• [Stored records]
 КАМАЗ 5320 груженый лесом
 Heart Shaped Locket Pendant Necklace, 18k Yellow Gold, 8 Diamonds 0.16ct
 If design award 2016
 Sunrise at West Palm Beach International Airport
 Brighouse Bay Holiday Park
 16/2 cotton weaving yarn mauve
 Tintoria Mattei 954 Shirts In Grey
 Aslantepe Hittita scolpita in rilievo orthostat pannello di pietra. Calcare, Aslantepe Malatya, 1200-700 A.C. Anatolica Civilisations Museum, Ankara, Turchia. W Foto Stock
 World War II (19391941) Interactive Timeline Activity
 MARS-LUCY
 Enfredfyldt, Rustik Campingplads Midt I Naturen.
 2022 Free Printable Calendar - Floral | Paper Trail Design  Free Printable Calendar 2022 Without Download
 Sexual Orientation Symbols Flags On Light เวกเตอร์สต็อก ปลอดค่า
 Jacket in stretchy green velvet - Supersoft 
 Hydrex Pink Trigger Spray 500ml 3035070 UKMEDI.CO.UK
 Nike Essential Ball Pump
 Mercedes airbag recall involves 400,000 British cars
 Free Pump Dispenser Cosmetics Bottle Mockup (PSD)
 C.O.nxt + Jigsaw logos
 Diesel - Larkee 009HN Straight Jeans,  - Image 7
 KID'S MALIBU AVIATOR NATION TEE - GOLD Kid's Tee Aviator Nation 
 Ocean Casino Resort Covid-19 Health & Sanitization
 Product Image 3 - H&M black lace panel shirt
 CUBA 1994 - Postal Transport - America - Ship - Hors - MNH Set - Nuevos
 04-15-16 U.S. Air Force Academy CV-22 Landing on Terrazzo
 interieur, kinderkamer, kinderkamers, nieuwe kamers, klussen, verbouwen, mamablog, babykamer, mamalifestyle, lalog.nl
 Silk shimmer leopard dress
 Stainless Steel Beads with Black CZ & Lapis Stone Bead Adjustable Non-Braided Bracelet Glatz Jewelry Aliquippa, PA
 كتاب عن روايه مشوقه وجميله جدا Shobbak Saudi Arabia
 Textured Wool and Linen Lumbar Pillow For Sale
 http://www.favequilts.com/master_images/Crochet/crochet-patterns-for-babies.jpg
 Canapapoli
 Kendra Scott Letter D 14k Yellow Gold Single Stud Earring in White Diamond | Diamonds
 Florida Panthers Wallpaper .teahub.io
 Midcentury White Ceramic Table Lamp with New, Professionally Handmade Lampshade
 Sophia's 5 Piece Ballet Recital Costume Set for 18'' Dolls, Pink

• [PROBLEM DETAILS] Among the entries, copy every line containing the word "Diamonds".

• [YOUR SOLUTION]
 Heart Shaped Locket Pendant Necklace, 18k Yellow Gold, 8 Diamonds 0.16ct
 Kendra Scott Letter D 14k Yellow Gold Single Stud Earring in White Diamond | Diamonds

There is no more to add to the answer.